3.2.2.2 Conformance checking
Conformance checking is a technique to relate events in the event log to activities in the process model and compares both. The goal is to find commonalities and discrepancies between the modelled behaviour and the observed behaviour. Particularly, conformance checking techniques can be used for measuring the quality of process discovery algorithms. Determining the quality of a process mining result is difficult and is characterized by many dimensions. In his book, van der Aalst (2011) refers to four quality criteria of discovered process models: fitness, precision, generalization, and simplicity. The description of these quality criteria is explained in the book. Of the four quality criteria, fitness is the most related to conformance checking. This thesis focused exclusively on fitness (i.e., the proportion of events in the log that can be explained by a process model). Process models discovered by using a process mining algorithm like Heuristic Miner are used to extract patterns of writing activities in this research. Therefore, it is important to measure how much of
50
the observed behavior in the event log is captured by the process model. This measurement is indicated by the fitness.

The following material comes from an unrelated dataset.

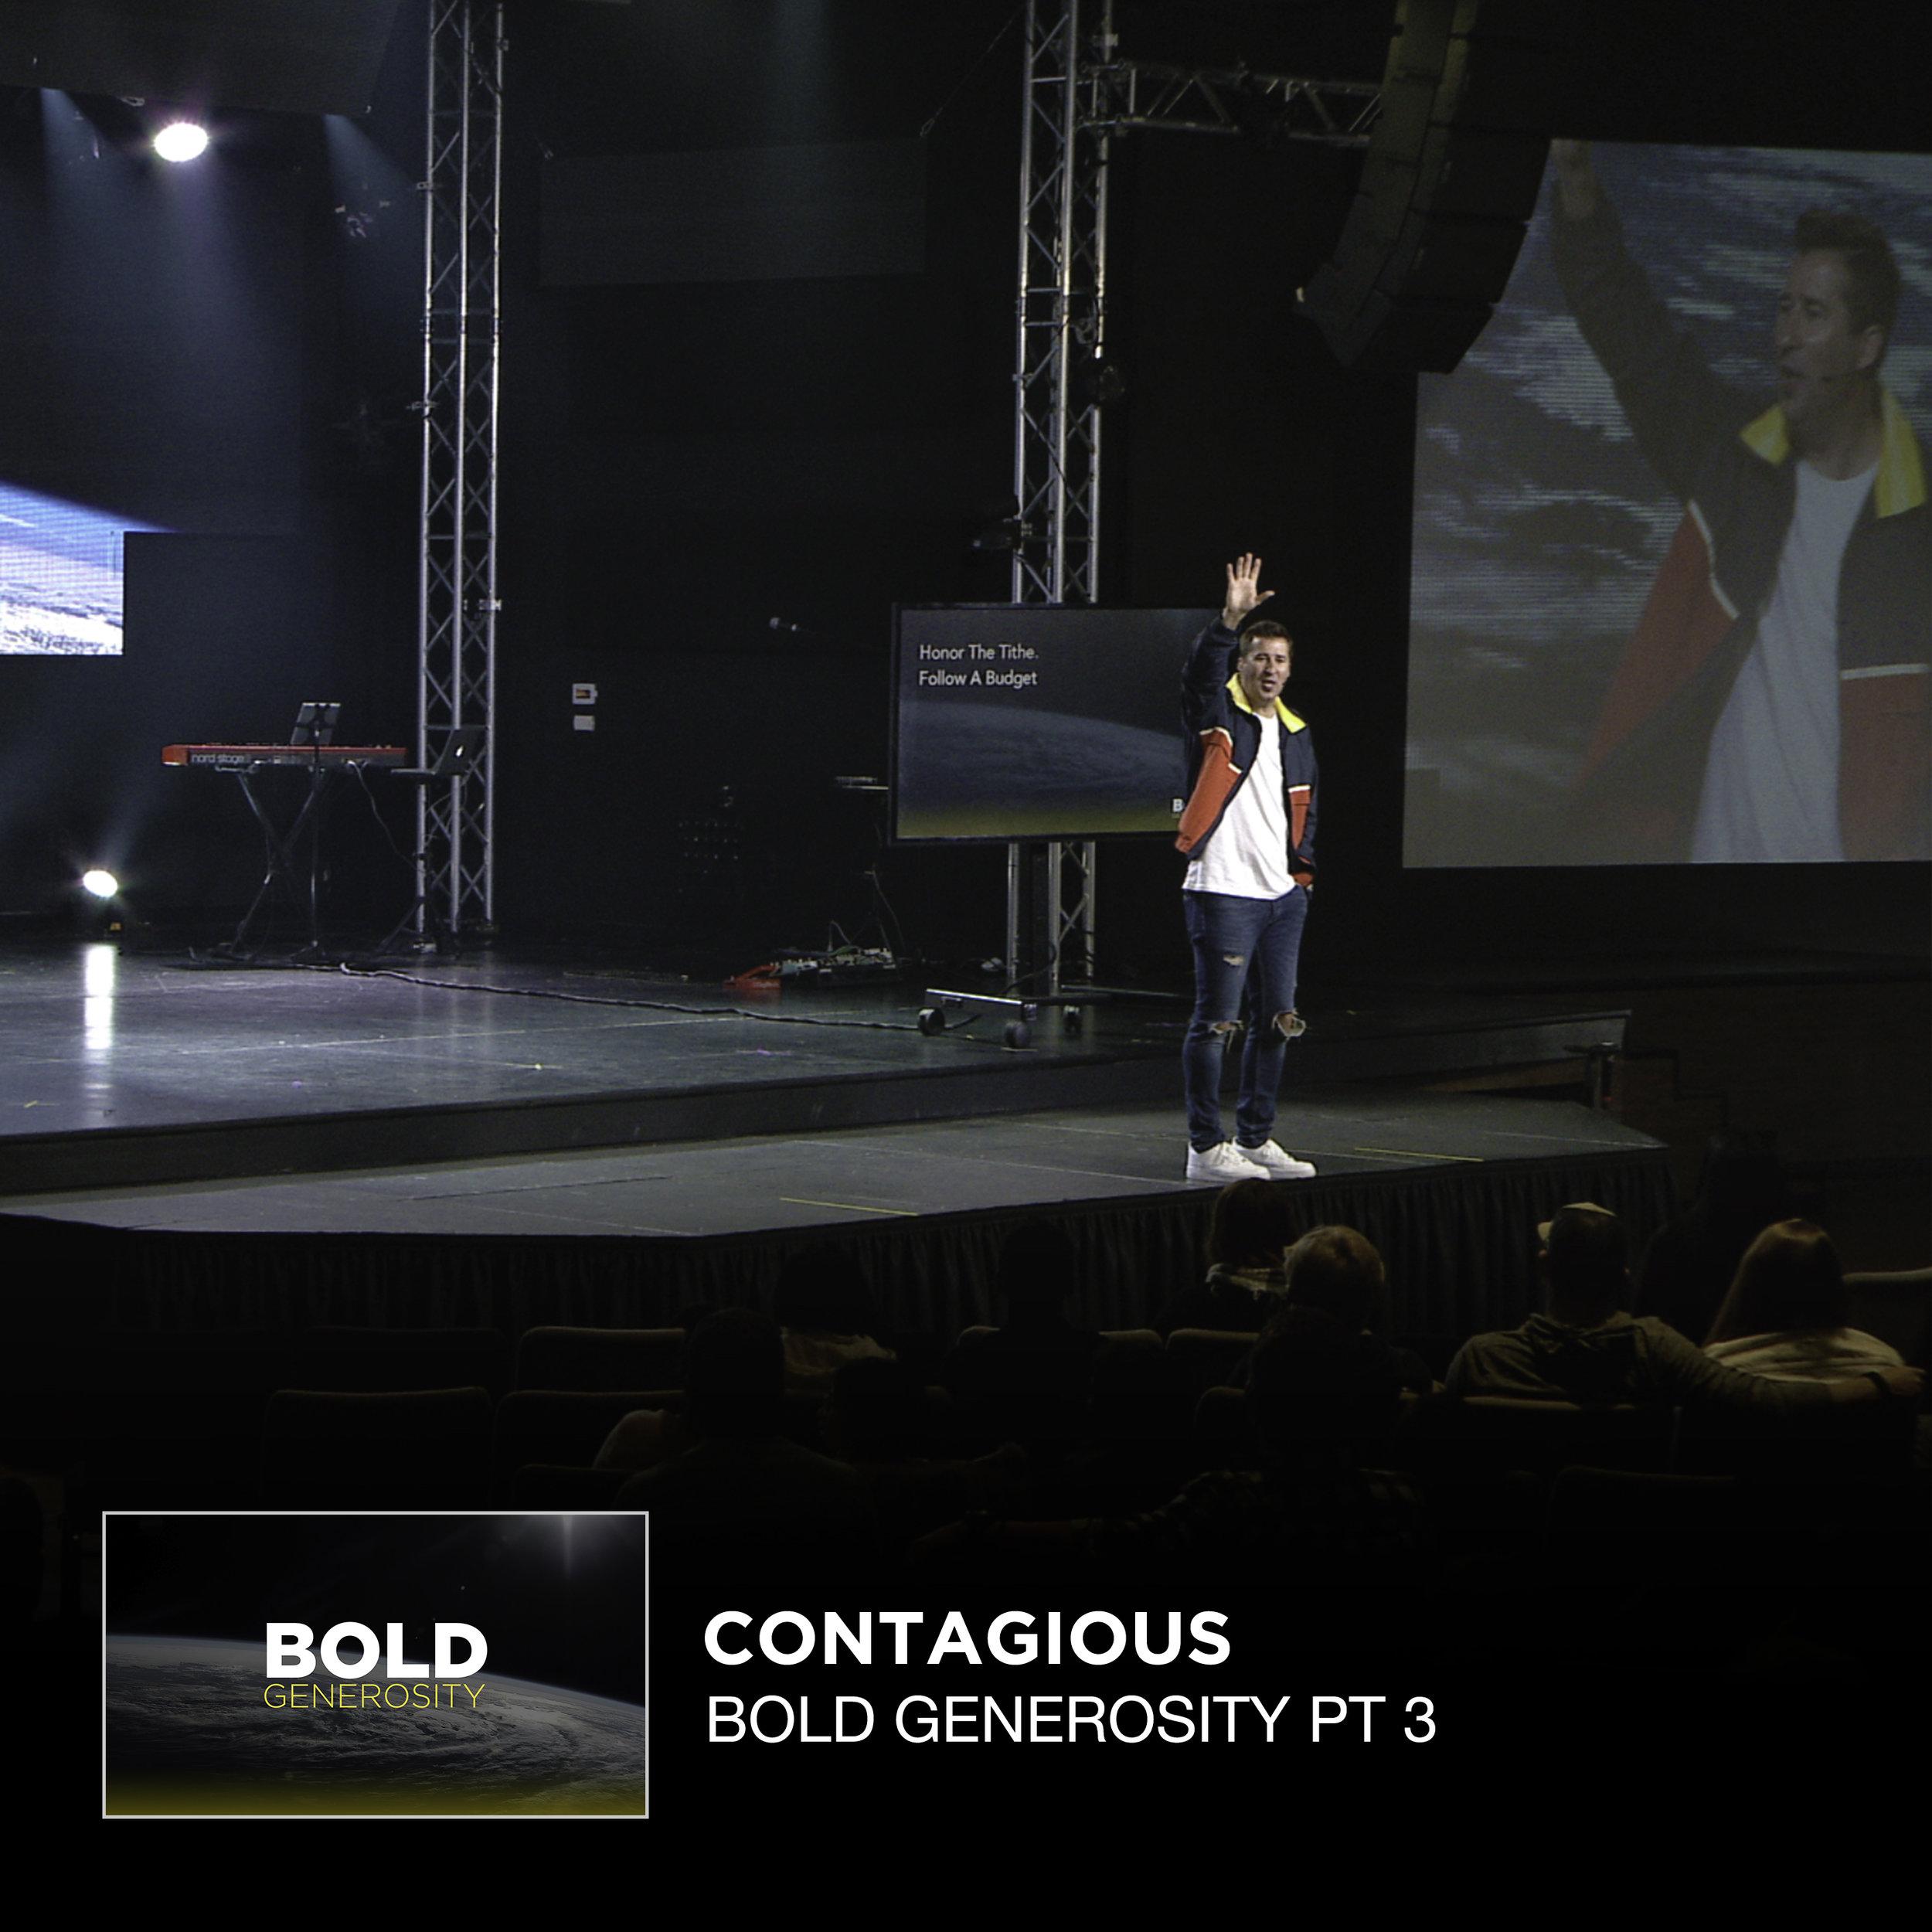 Bold Generosity Pt 3 _ Contagious _ Jared Ming Web.jpg

The computation of the fitness mainly relies on two data structures: (i) the process model, which is the dependency graph (DG) and (ii) the event log that contains information about the ordering of the activities. One way to measure the fitness between event logs and process models is to replay the log in the model and somehow measure the mismatch. The replay of every logical log trace starts with the marking of the initial place in the model. Then, the transitions that belong to the logged events (activities) in the trace are read one after another. While replay progresses, we count the number of tokens that had to be created artificially (i.e., the transition belonging to the logged event was not enabled and therefore could not be successfully executed) and the number of tokens that were left in the model, which indicate that the process was not properly completed. The value of fitness(L,N) defined in (van der Aalst, 2011) is between 0 (very poor fitness) and 1 (perfect fitness). The intuition of fitness(L,N) = 0.9 is that about 90% of the events can be replayed correctly. This thesis calculates the fitness of a process model using the fitness utility of ProM (ProM, 2013).